The code changes look OK to me.

thanks
-- PMM
Re: [PATCH v2 2/3] scripts: validate SPDX license choices
Posted by Daniel P. Berrangé 1 year, 2 months ago
On Mon, Dec 02, 2024 at 04:41:48PM +0000, Peter Maydell wrote:
> On Tue, 19 Nov 2024 at 11:29, Daniel P. Berrangé <berrange@redhat.com> wrote:
> >
> > We expect all new code to be contributed with the "GPL-2.0-or-later"
> > license tag. Divergance is permitted if the new file is derived from
> 
> "divergence"
> 
> > pre-existing code under a different license, whether from elsewhere
> > in QEMU codebase, or outside.
> >
> > Issue a warning if the declared license is not "GPL-2.0-or-later",
> > and an error if the license is not one of the handful of the
> > expected licenses to prevent unintended proliferation.

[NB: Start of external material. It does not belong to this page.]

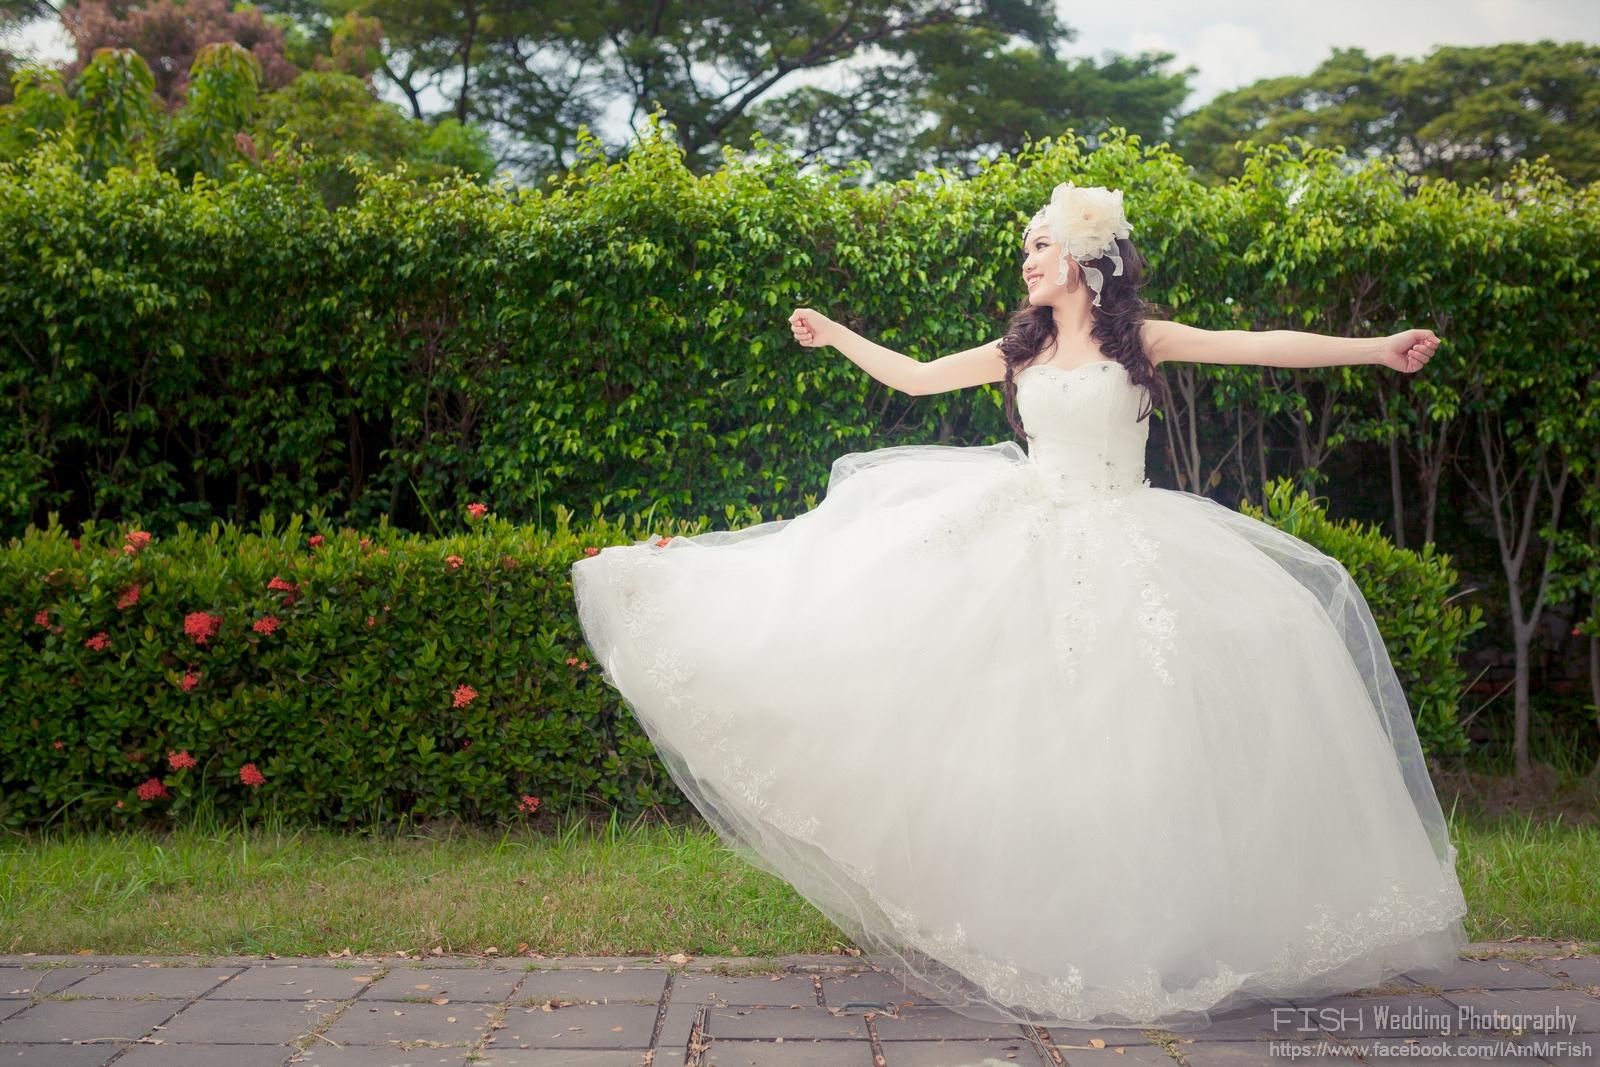 【單人婚紗】怡君幸福婚紗

The warning
> > asks users to explain their unusual choice of license in the commit
> > message.
> 
> Should we update LICENSE (or something under docs/devel ?) to
> state our policy ?

Yeah, we really ought to, i'll have a look at it.

> 
> > Signed-off-by: Daniel P. Berrangé <berrange@redhat.com>
> > ---
> >  scripts/checkpatch.pl | 68 +++++++++++++++++++++++++++++++++++++++++++
> >  1 file changed, 68 insertions(+)
> >
> > diff --git a/scripts/checkpatch.pl b/scripts/checkpatch.pl
> > index d946121b8e..b507da8e2b 100755
> > --- a/scripts/checkpatch.pl
> > +++ b/scripts/checkpatch.pl
> > @@ -1353,6 +1353,69 @@ sub checkfilename {
> >         }
> >  }
> >
> > +sub checkspdx {
> > +    my ($file, $expr) = @_;
> > +
> > +    # Imported Linux headers probably have SPDX tags, but if they
> > +    # don't we're not requiring contributors to fix this, as these
> > +    # files are not expected to be modified locally in QEMU
> > +    if ($file =~ m,include/standard-headers, ||
> > +       $file =~ m,linux-headers,) {
> > +       return;
> > +    }
> > +
> > +    my $origexpr = $expr;
> > +
> > +    # Flatten sub-expressions
> > +    $expr =~ s/\(|\)/ /g;
> > +    $expr =~ s/OR|AND/ /g;
> > +
> > +    # Merge WITH exceptions to the license
> > +    $expr =~ s/\s+WITH\s+/-WITH-/g;
> > +
> > +    # Cull more leading/trailing whitespace
> > +    $expr =~ s/^\s*//g;
> > +    $expr =~ s/\s*$//g;
> > +
> > +    my @bits = split / +/, $expr;
> > +
> > +    my $prefer = "GPL-2.0-or-later";
> > +    my @valid = qw(
> > +       LGPL-2.0-or-later
> > +       LGPL-2.1-or-later
> > +       GPL-2.0-only
> > +       LGPL-2.0-only
> > +       LGPL-2.0-only
> 
> Lists LGPL-2.0-only twice ? I'm guessing the second should be 2.1.

Opps, indeed 2.1

> I'm not sure we really want to allow more LGPL-2.0-only
> code...we don't have a reason like we do with GPL-2.0-only
> where the reason is "code from the kernel", and I feel like
> LGPL-2.0-only is quite rare anyway, and at least sometimes
> a mistake where the author meant LGPL-2.1-only or GPL-2.0-only.
> But maybe this list should be generous enough to only warn,
> not error, for code copied within QEMU.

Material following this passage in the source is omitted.